Brian (Phillip Mackenzie - presumably not the actor who was in episodes of PSI Factor, The Outer Limits and The X-Files) is a bit of a git, constantly teasing his meek mate Dave (Richard Atkin) in ways that go beyond good-natured joshing. Bequiffed John (Kevin Parker) tries to keep the peace between the other two. After an unsuccessful venture to the local pub where they are evicted by the landlord (Troy Mitchel) for chatting up his wife (Leslie Rooney), the three friends return to the cottage for an evening of poker and, at Dave’s suggestion, “a game of ouija.” There has been no suggestion that the cottage actually is haunted, but what the heck, it’s not like they’ve got a telly.

Using playing cards with letters on them to form the ‘board’, the three lay fingers on the glass which spells out ‘D E A T H U P S T A I R S’ and Dave goes to investigate. When he doesn’t return, Brian follows, arming himself with a knife from the kitchen. In the dark of the upstairs landing, Dave plays a trick on Brian which leads to a fulfilment of the prophecy. The actual denouement of this short is very clever because it makes no attempt to determine whether the message was a genuine prophecy or whether it was Dave mucking about in revenge for Brian’s taunts and the result merely tragic irony.

Directed by Clive Paton and photographed by Ethem Cetintas, who shared script credit, Holiday for Three was made by Silver Productions Ltd in 1985. I don’t know what ever happened to Clive Paton (Google searches throw up only a winemaker of that name) but Cetintas is now a well-respected director of TV commercials and indeed is still running Silver Productions. His TV work includes some dramas such as Breaking Free and Republic as well as segments for current affairs shows and documentaries including World in Action, Newsnight and Horizon. He is also, by all accounts, a mean guitarist. Curiously, his bio describes Holiday for Three as a 1990s production for ITV. Executive producer Ron Glenister went on to work on war documentaries for the History Channel. The editor was Fred Ives and the composer was Dave Eppel.

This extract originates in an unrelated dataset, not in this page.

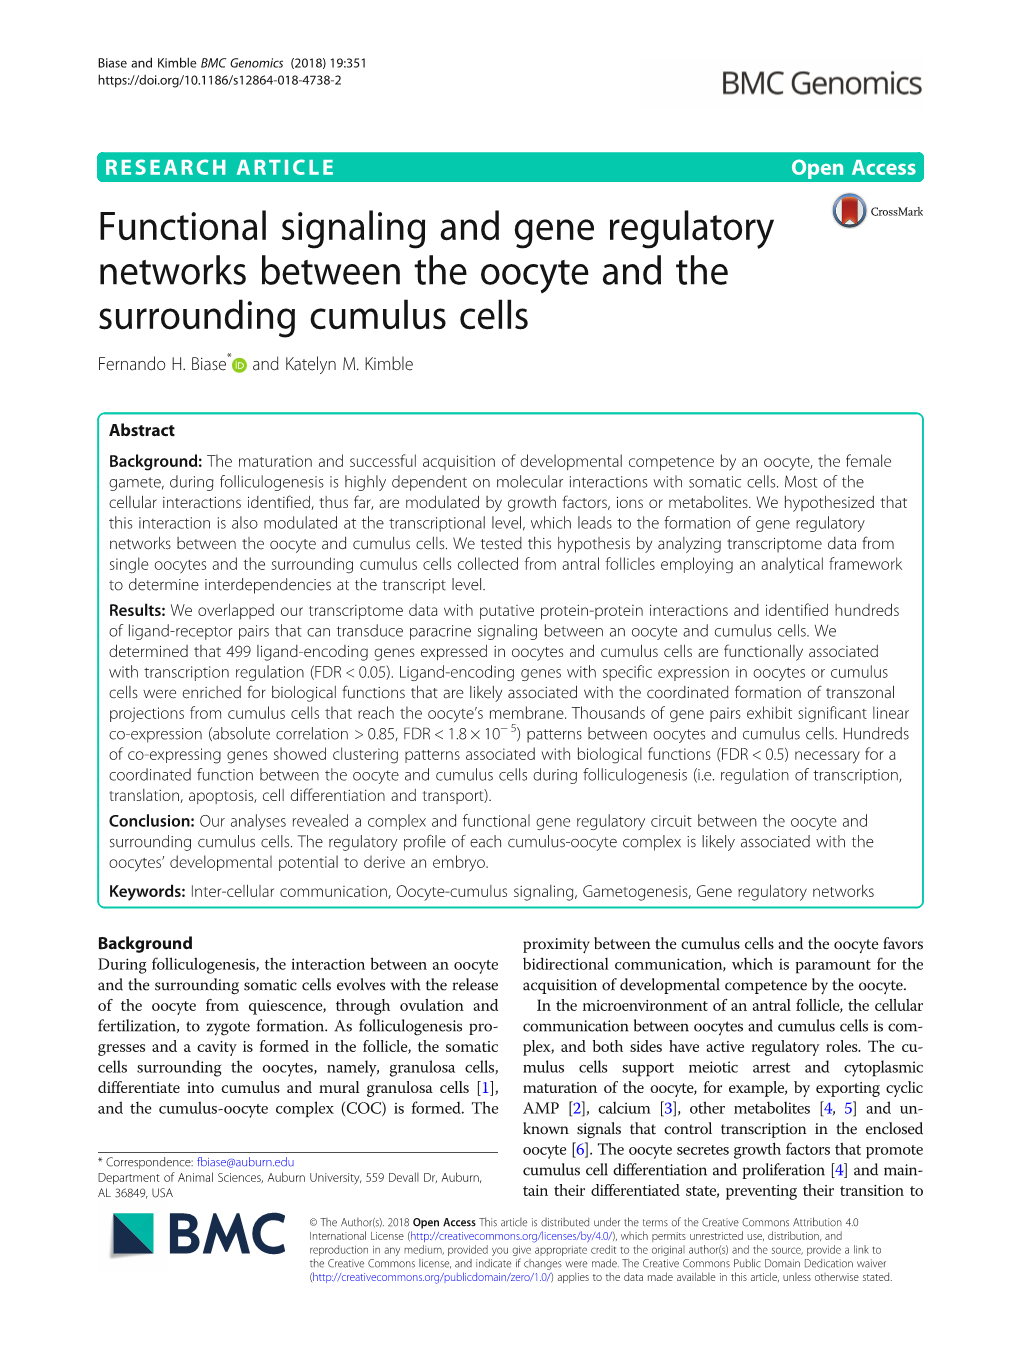 Functional Signaling and Gene Regulatory Networks Between the Oocyte and the Surrounding Cumulus Cells Fernando H

Finally we have The Short Night, the only one of the three not set in Wales. In fact, this appears to be a French film: the location looks like Paris; the crew are all French; two of the four actors are French; and the credits are in French. But the on-screen title is in English (in the same font etc as the other credits); the dialogue is all in English and the three actors who speak all use English accents. Plus it is one third of a British pseudo-anthology. How odd.

Rebecca Pauly (later in Polanski’s The Ninth Gate) plays an affluent young wife who believes that she is being stalked as she returns to her expensive Paris apartment. Jean-Philippe Chatrier (the 1995 version of Les Miserables) is her husband who at first assures her that she is imagining things but later admits that he is the stalker, finding some sort of perverse thrill in the situation. Ah, but is he? Well, yes apparently he is. Ah, but is he?

Arguably justifying the inclusion of what is essentially another thriller in a horror anthology (or arguably not), the wife is in the habit of consulting tarot reader Miss Belloch (Annette Milson - probably the ‘Annette Milsom’ who was in Deadly Summer) and does so by phone once she realises that she might be in danger - with the reading predictably death-laden. At the risk of giving too much away, the cast also features Jean-Claude Dreyfus as l’inconnu (the unknown); now one of France’s best-known actors, he was in a 1977 version of The Portrait of Dorian Gray, Cheech and Chong’s The Corsican Brothers, a 1989 Joan of Arc TV biopic., something called Un Vampire au Paradis, The Adventures of Pinocchio (alongside Martin Landau and Udo Kier), City of Lost Children and Delicatessen!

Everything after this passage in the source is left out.